# Essex show



## Steverags (Jul 19, 2010)

Well, what a day I had there with my Polo, he got 1st and BOB and he also got first in all 5 side classes he was entered into giving him his first Red card day, he was beaten for BOV by a whisker by a very deserving Birman kitten , also met Tillytiller there with her NFC, the usual suspect Ellen with the lovely Chester and I'm not sure but was that you Wicket that I got a few pics of your lovely Devon?????


----------



## Steverags (Jul 19, 2010)

And my Polo


----------



## lymorelynn (Oct 4, 2008)

Congratulations to you and Polo :thumbup1: Lovely photos - none of Polo though 
Cross posted -


----------



## Steverags (Jul 19, 2010)

Only lets you post 5 photos at a time, Polo is the first reply


----------



## spotty cats (Jul 24, 2012)

Congratulations


----------



## ellsbells0123 (Oct 4, 2011)

Congratulations to the lovely Polo xxx Can't wait for the next cuddle 

It was such a lovely day, Chester did fab too. He got his merit was placed 1st in beed class and got the BOB.

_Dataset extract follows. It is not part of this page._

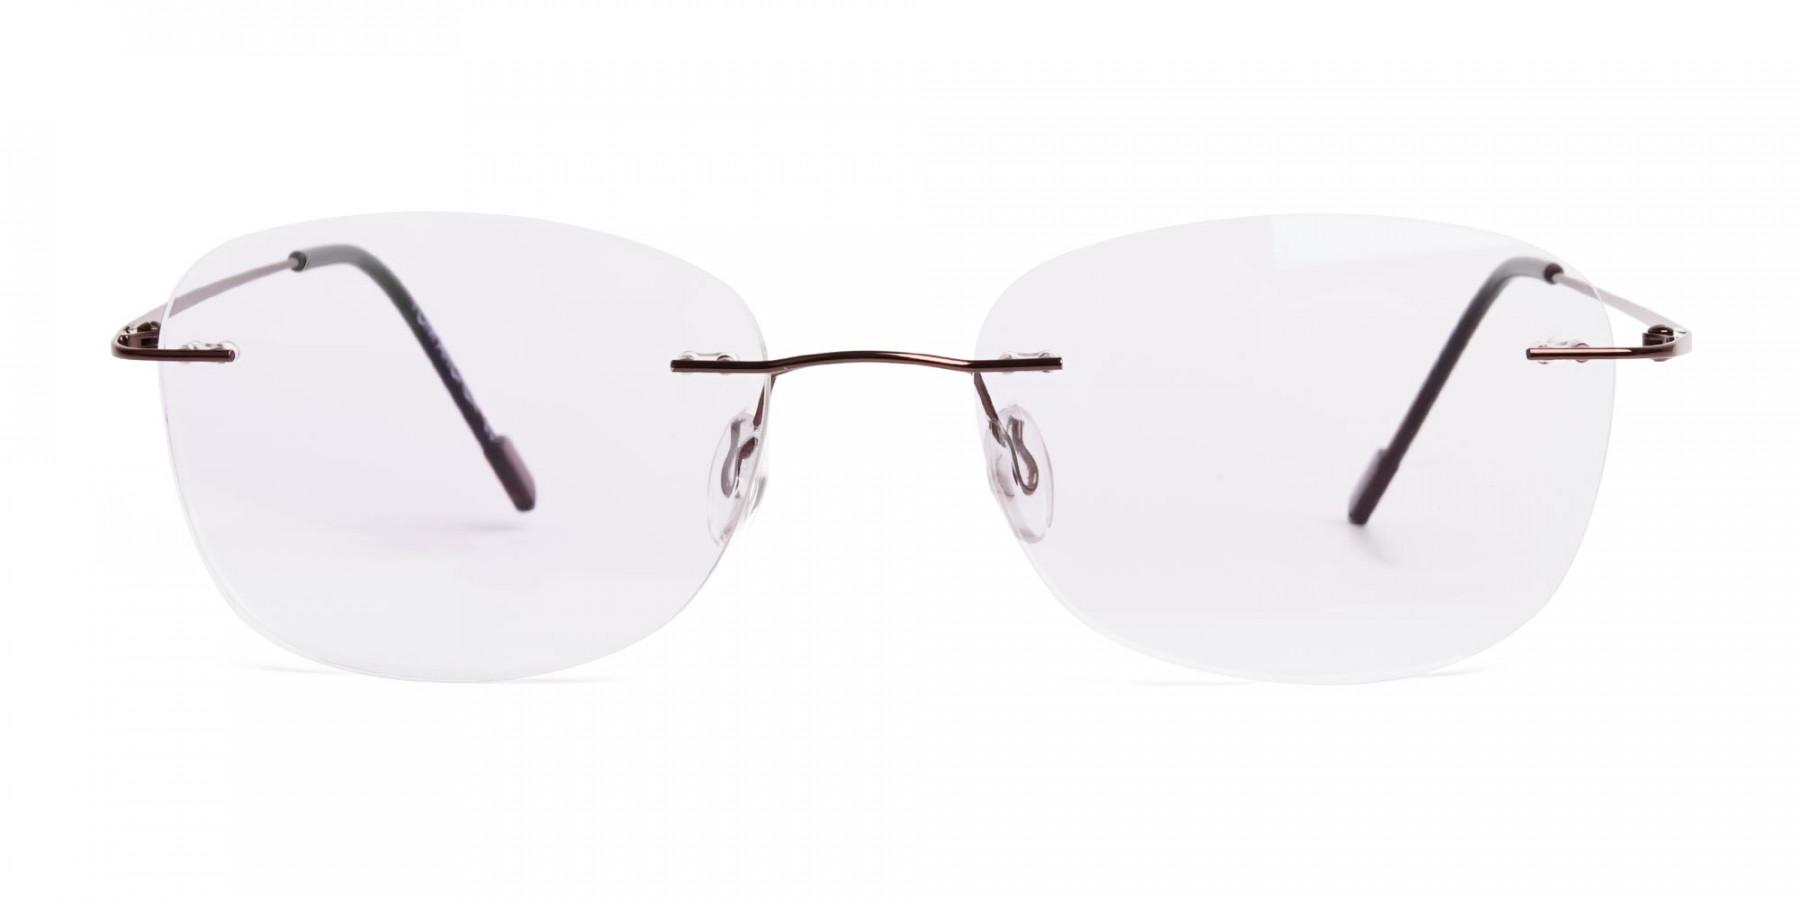 brown-wayfarer-rimless-glasses-frames-1

Very very proud of my baby boy xxxx

Had breakfast with Tillytiller, lovely day, fab company as always.


----------



## ellsbells0123 (Oct 4, 2011)

My nephew came to the show yesterday, had a lovely day.

Here he is grooming Chester :001_wub::001_wub::001_wub:


----------



## Tillytiller (Mar 8, 2014)

Hi All, 
Congratulations!!  
I really had a great time and am looking forward to the next show and seeing you all again!! Thank you for all your help I was a bag of nerves  

Super proud of Millie :thumbup1:


----------



## sarahecp (Aug 22, 2011)

Big congratulations! and well done to you all :thumbup: :thumbup:


----------



## PetloverJo (Nov 4, 2011)

Congratulations to all. 

Lovely photo's Steve


----------



## Steverags (Jul 19, 2010)

Still wondering if Wicket was the Devon owner????


----------



## wicket (Aug 22, 2012)

Steverags said:


> Still wondering if Wicket was the Devon owner????

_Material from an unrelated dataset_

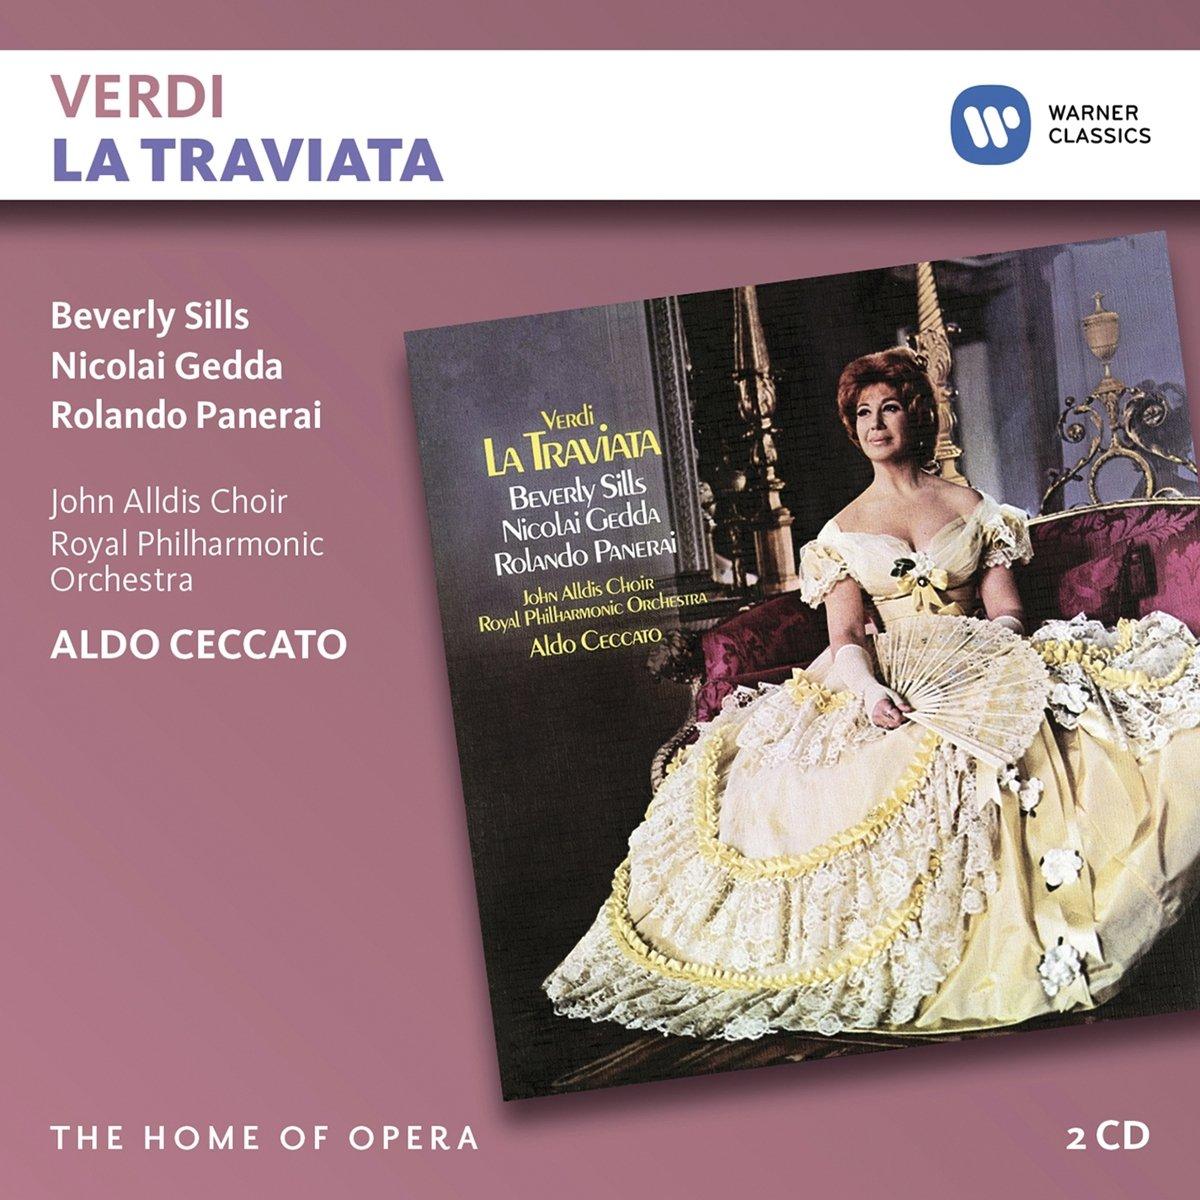 CD : Beverly Sills - Verdi: La Traviata (2PC)

mine was the little chocolate smoke Devon kitten at the end of the row, next to the lady in the photo (wish I was that glamorous lol) - was absolutely thrilled as she won breed first and best of breed and two of her three side classes, and also got the members choice rosette and it was both of ours first show - I was so nervous I forgot my camera 

The day flew so fast, I had my parents and niece in the afternoon and before I knew it it was time to go home and I hadnt found your lovely petforum people. 
I think I have the show bug now thought, it was fantastic to get to talk cats all day


----------



## Iduna (Feb 1, 2012)

Well done to all :thumbup:
Phroaigs dad and his breeder made Gold Olympian and BIS Foreign   she is very impressed as is everyone else.


----------



## GingerJasper (Oct 29, 2012)

When and where was this show in Essex. Obviously i've missed this year but would like to make a note in the diary for next year.

Well done to all the winners pics look great.


----------



## ellsbells0123 (Oct 4, 2011)

GingerJasper said:


> When and where was this show in Essex. Obviously i've missed this year but would like to make a note in the diary for next year.
> 
> Well done to all the winners pics look great.


It was in Kent, Swanley


----------